Samuel Paty: French schoolgirl admits lying about murdered teacher
A French schoolgirl has admitted to spreading false claims about a teacher before he was murdered last year.
Samuel Paty was beheaded in October after showing students cartoons of the Prophet Muhammad.
The girl, whose complaints sparked an online campaign against Paty, has now admitted that she was not in the class.
Mr Paty's killing stunned France and led to an outpouring of support at memorial ceremonies and marches around the country.
The 13-year-old girl, who has not been officially named, originally told her father that Paty had asked Muslim students to leave the classroom while he showed the cartoon during a class on free speech and blasphemy.
According to evidence given by the girl seen by French media she said: "I didn't see the cartoons, it was a girl in my class who showed me them."
"She lied because she felt trapped in a spiral because her classmates had asked her to be a spokesperson," her lawyer, Mbeko Tabula, told AFP news agency.
The girl's father filed a legal complaint against the teacher and began a social media campaign over the incident based on his daughter's account. He identified Paty and the school in Conflans-Sainte-Honorine, west of Paris.
Prosecutors said shortly after the killing that there was a "direct causal link" between the online incitement against Paty and his murder.
The perpetrator, 18-year-old Abdullakh Anzorov, was shot dead by police shortly after the attack.
It then emerged that the campaign against the history and geography teacher had been based on a distorted account of what had happened in class days earlier.
As he had done in similar lessons on free speech in previous years, Paty warned students that he was about to show a depiction of Muhammad. He said anyone who thought they might be offended could close their eyes.
The girl had originally claimed the teacher had asked Muslim pupils to leave the room. When she objected she was suspended from school, she said. It now appears that the girl was suspended the day before the class was given, according to Le Parisien newspaper, because of repeated absence from school.
The girl explains in her leaked testimony that she made up the story so as not to disappoint her father. He posted two videos on social media in response to the allegations.
Speaking on French radio on Tuesday, the Paty family's lawyer said the girl's family knew that she had not been in class on the day in question and why she had been suspended. "So to come and say now, sorry, I believed my daughter's lies, that's really weak," Virginie Le Roy told RTL radio.

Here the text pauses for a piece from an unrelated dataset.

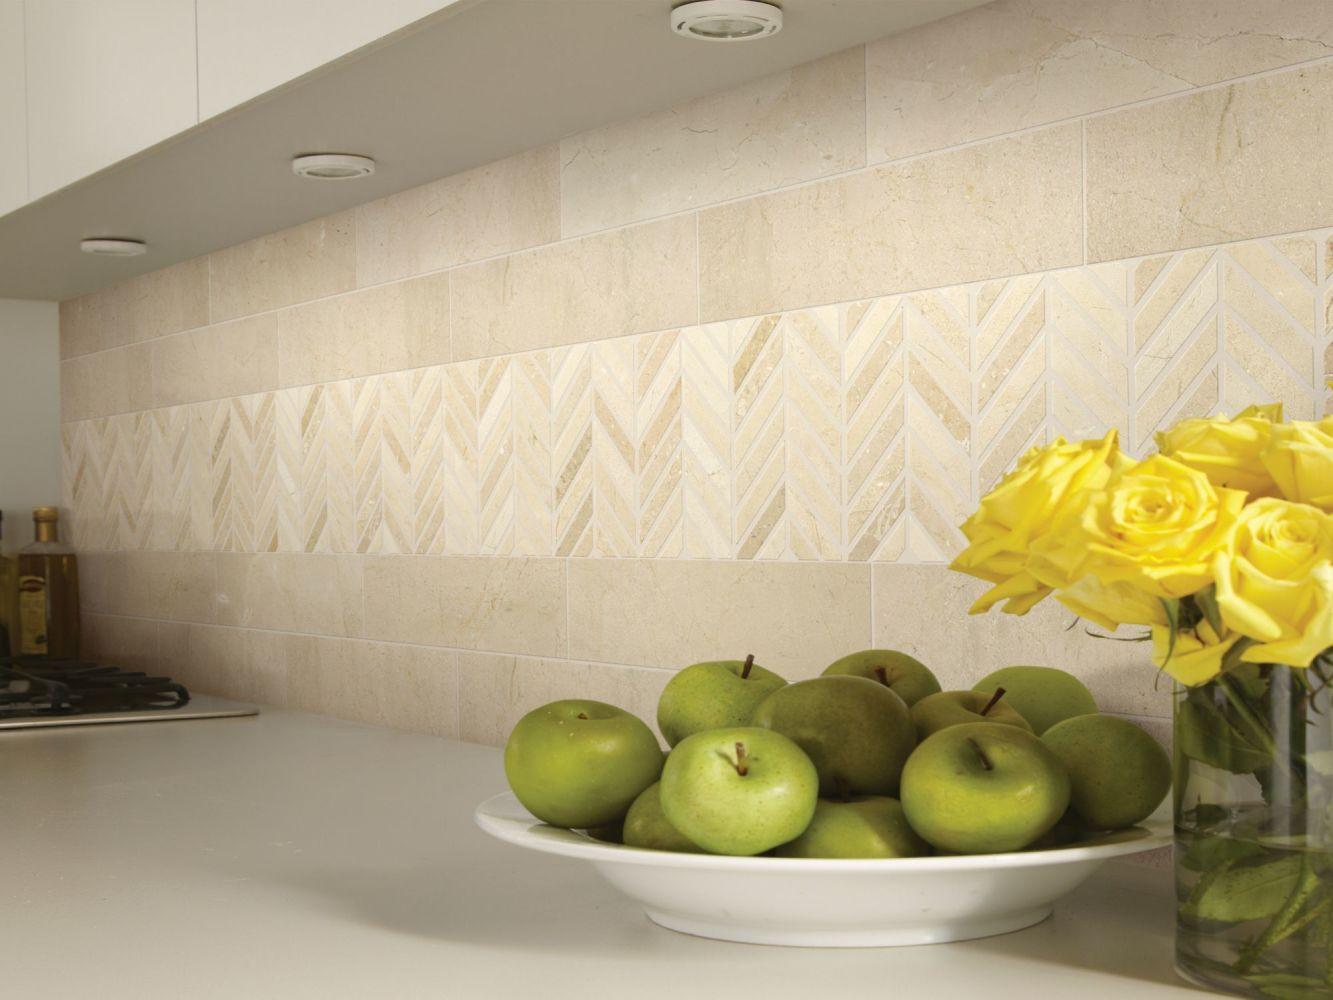 Shaw Floors Home Fn Gold Ceramic Estate 4×16 Crema Marfil 00200_TG85B
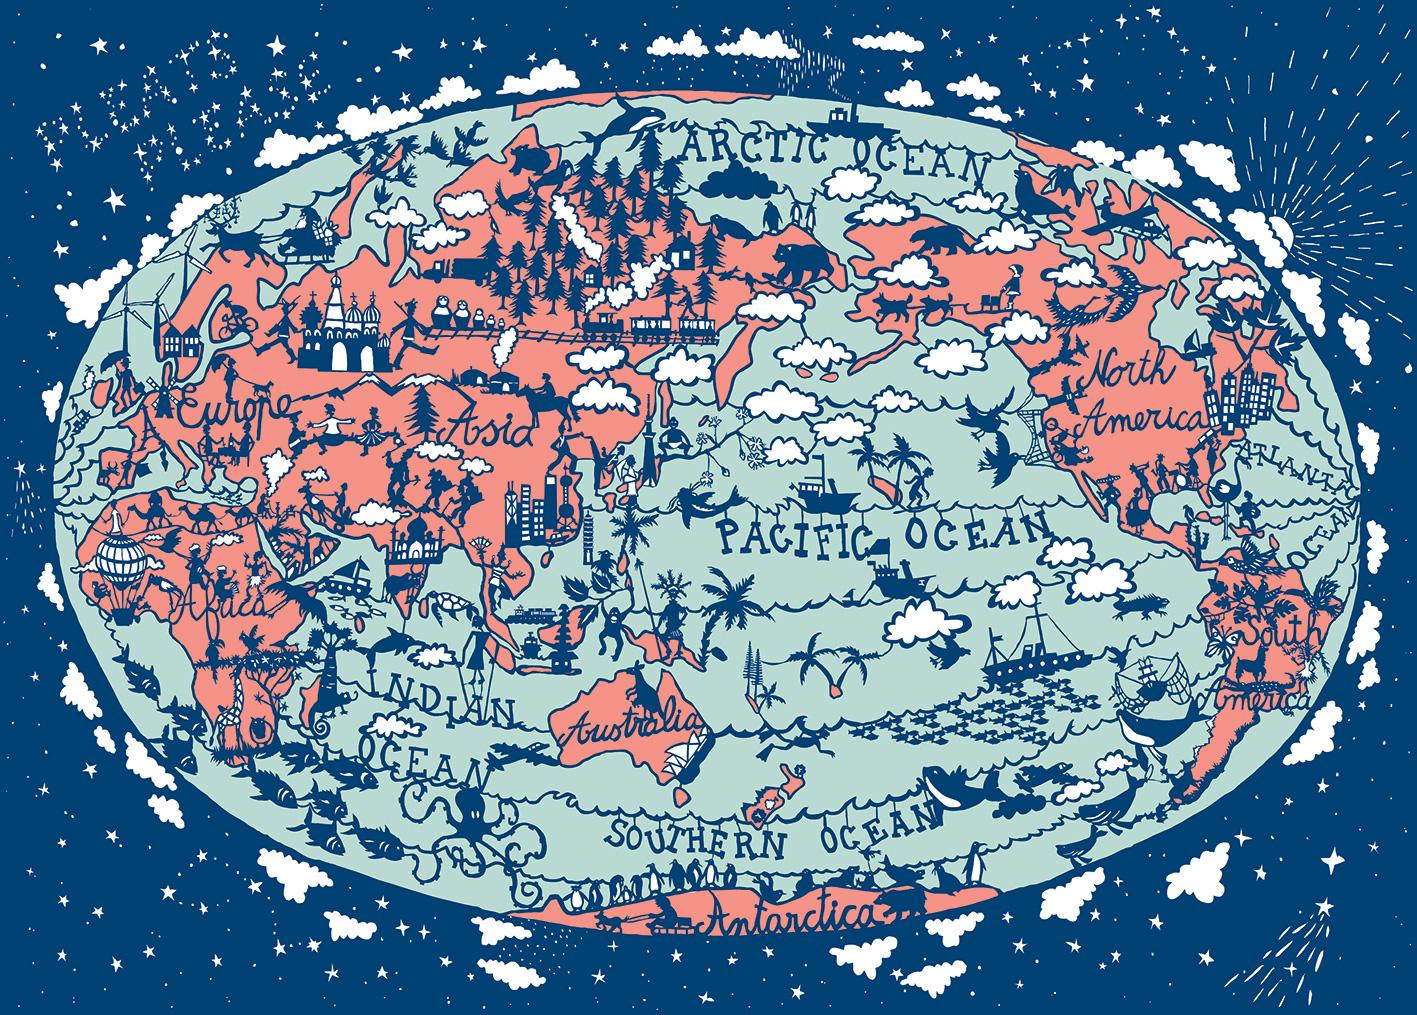 Julie Marabelle WORLD MAP ISSEY MIYAKE - World map please

In a separate development, two university professors have been given police protection after they were accused of Islamophobia by student protesters.
An investigation has begun after posters were put up last week at Sciences Po university in Grenoble that read "Fascists in our lecture halls, Islamophobia kills", naming the two professors.
Junior Interior Minister Marlène Schiappa said their lives were in danger and the campaign was reminiscent of the harassment of Samuel Paty. "We can't tolerate this kind of thing," she said.
After Paty's murder, President Emmanuel Macron presented the teacher's family with the nation's highest honour, the Légion d'honneur.
Depictions of the Prophet Muhammad are widely regarded as taboo in Islam, and are considered highly offensive by Muslims.
The issue is particularly sensitive in France because of the decision by satirical magazine Charlie Hebdo to publish cartoons of the Prophet.
Twelve people were killed by Islamist extremists at the magazine's offices in 2015 after the images were published.
Both the Charlie Hebdo murders and Samuel Paty's beheading struck a deep chord in a country where secularism - or laïcité - is central to national identity.
Under that principle, the state cannot intervene in matters of religion, and thus should not curb expression to protect the feelings of a particular community.